Rembrandt dejó su sorbo de té a medias.

—No me voy a ir ahora. Quería ayudarlo con esto. Con…

—No, no me ayudarás. Y-

—Además… no tengo el dinero para irme.

Calder quiso decirle que no se permitiría tener un ayudante o compañero de nuevo, pero Rembrandt parecía inflexible como una torre.

Ella miró alrededor, y notó la mesa de dibujo, limpia y plegada a un lado del comedor. Y tres lienzos sin terminar junto a la mesa.

—Usted no la usa ¿verdad?

—No, era de Teresa.

—Ah…

Rembrandt se acordó cómo Calder huyó por la pregunta del estudiante, y la respuesta de él.

—No éramos pareja, por si te lo preguntas.

—No, no quería decir… —se sonrojó. Claro que ella quería preguntarle algo así, pero no tenía ni idea de cómo hacerlo sin parecer entrometida.

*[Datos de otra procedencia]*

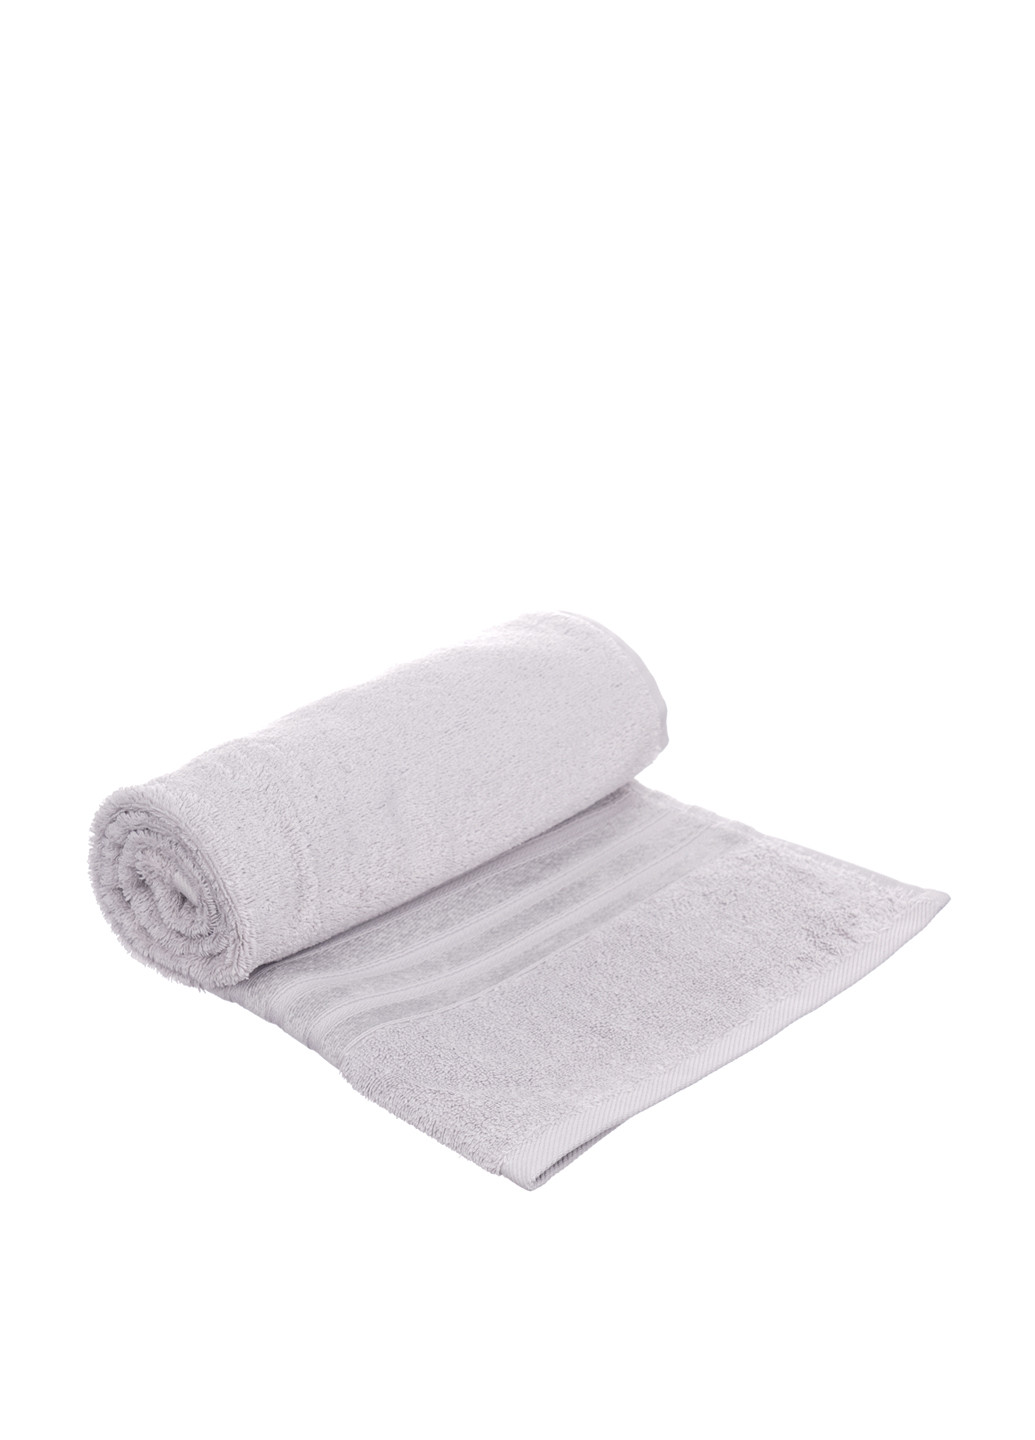 Tac полотенце, 50х90 см однотонный светло-серый производство - Турция

—No te preocupes. Ella estudió periodismo conmigo, y le gustaba mi apartamento, decía que tenía buena luz. La verdad ni siquiera éramos buenos amigos —suspiró, recordando tantas discusiones—. Era un tedio, no sabía mantener la compostura en casi ninguna parte, se reía muy fuerte, era una escandalosa y…

Se detuvo, sintiéndose estúpido. Rembrandt lo miraba muy curiosa.

—Es… lo siento, no voy a fastidiarte con eso.

—No lo hace, doctor.

 Sanz le había recomendado desahogarse de vez en cuando con amigos, pero él había decidido que era más fácil ahogarse en alcohol.